你要是真身显灵,你就把这东西带走吧,我求求你了!
徐淮书咽了口唾沫道:“你们都说我是什麽虚空老祖,可我真的什麽都不记得了,你...不也想我...早点恢複记忆吗,那你就告诉我真相,当初到底发生什麽了?”
符瞿从太师椅上站了起来。
徐淮书下意识地往后缩。
面前的男人居高临下地看着他,漫不经心地说出了一句冰冷的话:“如果我把所有真相全都告诉你了,岂不是便宜你了?像你这样的人,不配。”
徐淮书擡头看着符瞿,他虽然害怕,但还是坚持说:“我这麽说是真心想解决问题,你要是一直这麽拒绝配合,那你就一辈子都找不回虚空老祖。”
“我有的是时间跟你耗。”
“可我时间有限,耗上个几十年,我就没了。”徐淮书的声音一直在发抖。
“哦?是吗?”符瞿冷哼一声。
见来硬的不成,徐淮书的态度就软了下来。
“你喜欢虚空老祖,但虚空老祖却加害于你,一次意外导致他离世,然后转生成了...我,对吗?其实我挺理解你的,但我已经不是他,你和他之间的故事,也许会有新的转机,不是吗?”
符瞿俯下身与徐淮书平视:“不可能。”
徐淮书不敢长时间地盯着符瞿的眼睛,他别开了头。
“你把事情想的太过简单,大概直到宇宙尽头,咱们的爱恨情仇才能清算干净。

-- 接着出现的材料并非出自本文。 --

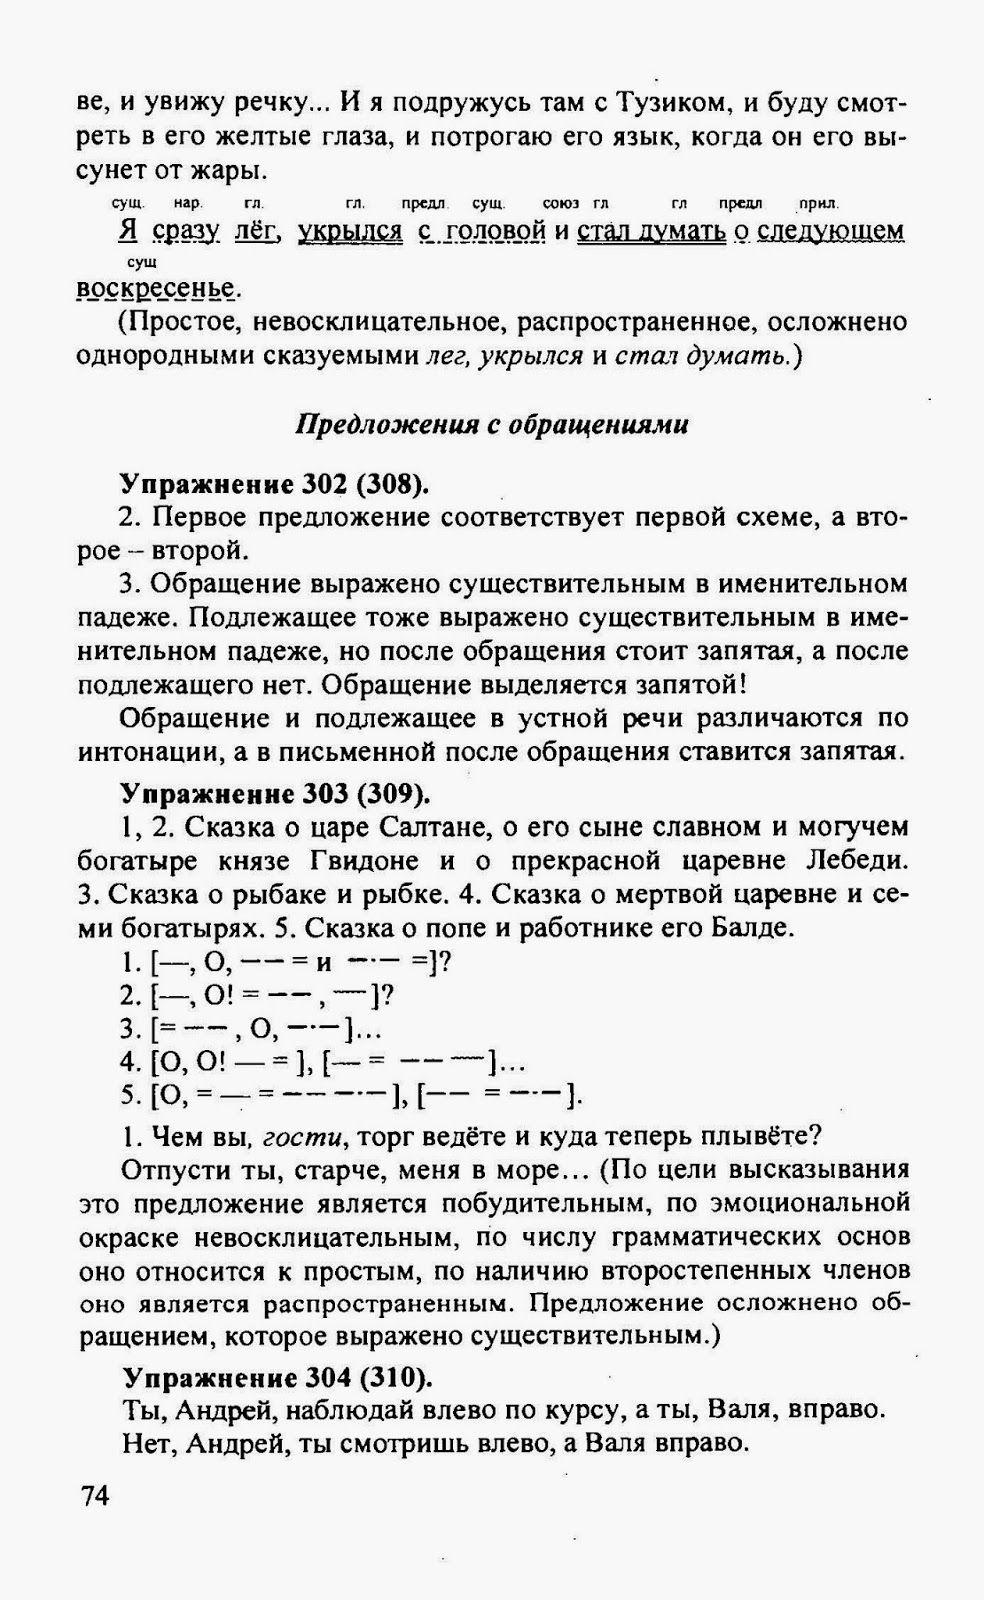 Амелия беделия часть 2 перевод в учебнике энджой инглиш без регестравции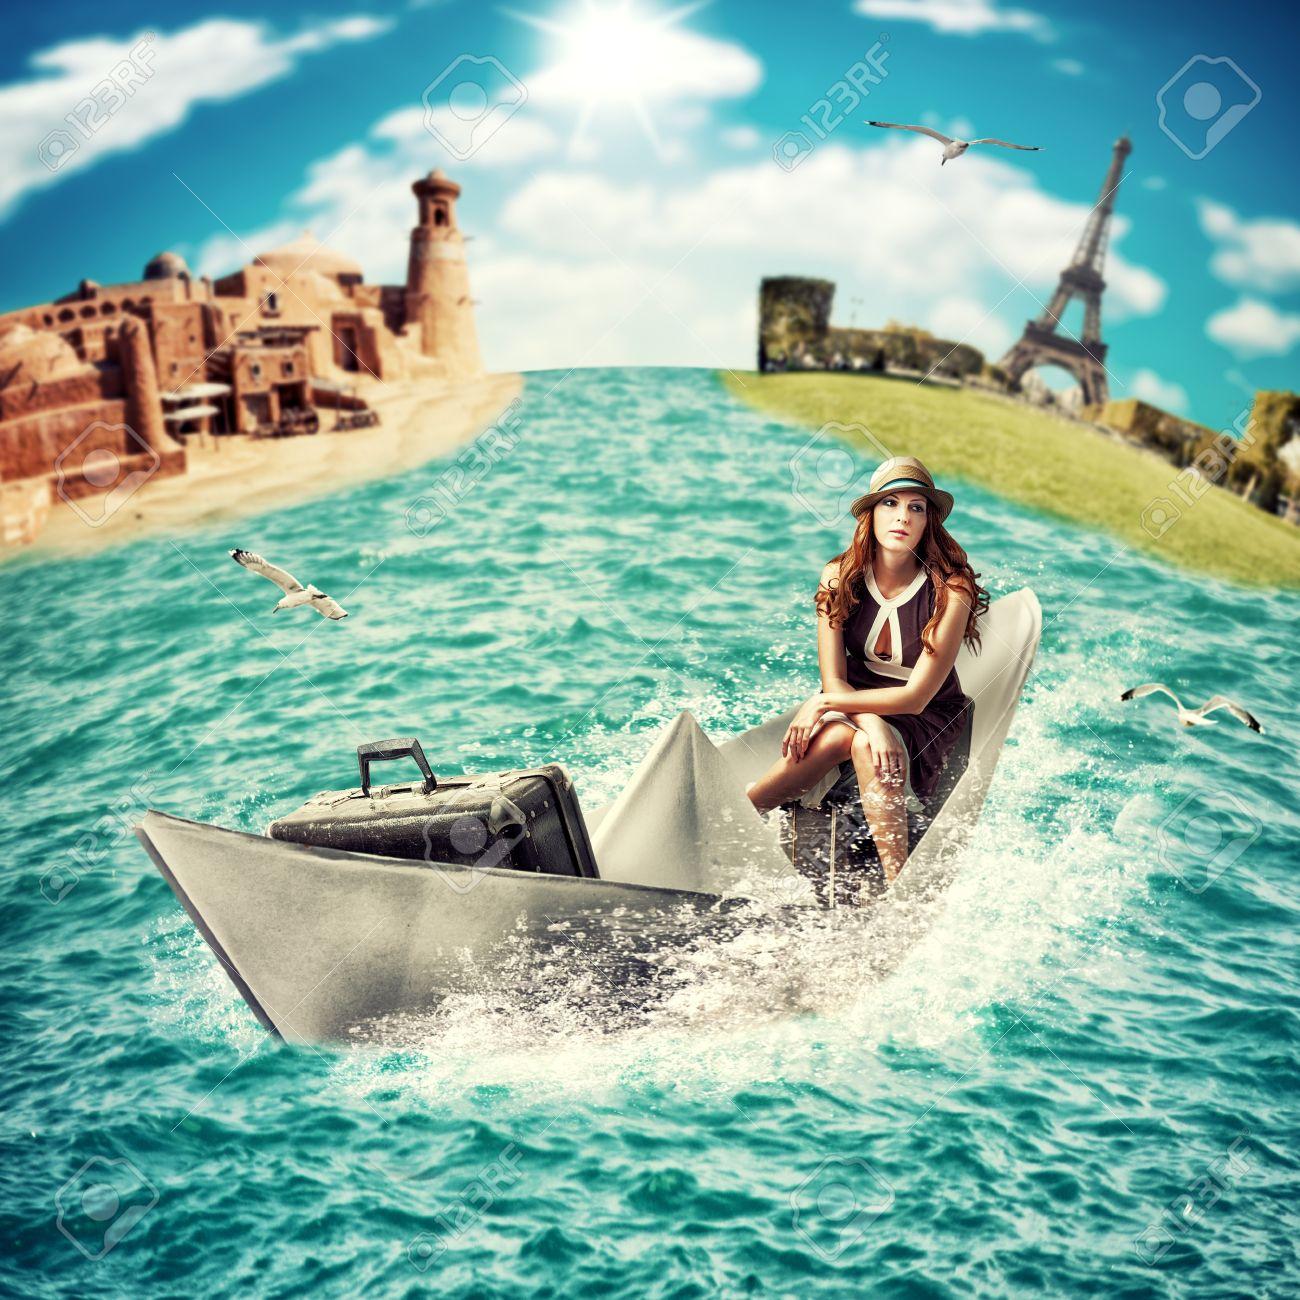 Concepto Del Recorrido - Soñando Travesía Del Mar En Todo El Mundo La Mujer Con Flotadores Equipaje En El Barco De Papel En El Océano Fotos, Retratos, Imágenes Y Fotografía De Archivo

”
说完,符瞿就离开卧室了。
徐淮书长出了一口气,他现在疲惫非常,实在是没有力气再和什麽人猜来猜去了。
因为过度惊吓和劳累过度而导致的要命偏头疼使他终于支撑不住歪倒在床上,没一会就睡着了。
模模糊糊的,徐淮书似乎感觉自己醒了过来。
但...这又是哪里?
徐淮书想要使劲地睁开眼看清周围,但好像无论他怎样努力,都开不清,视线始终是模糊不清的,而且还有黑色的盲区。
不过...
周围好像是是空旷的银河星海,还有星舰飞过的引擎轰鸣声。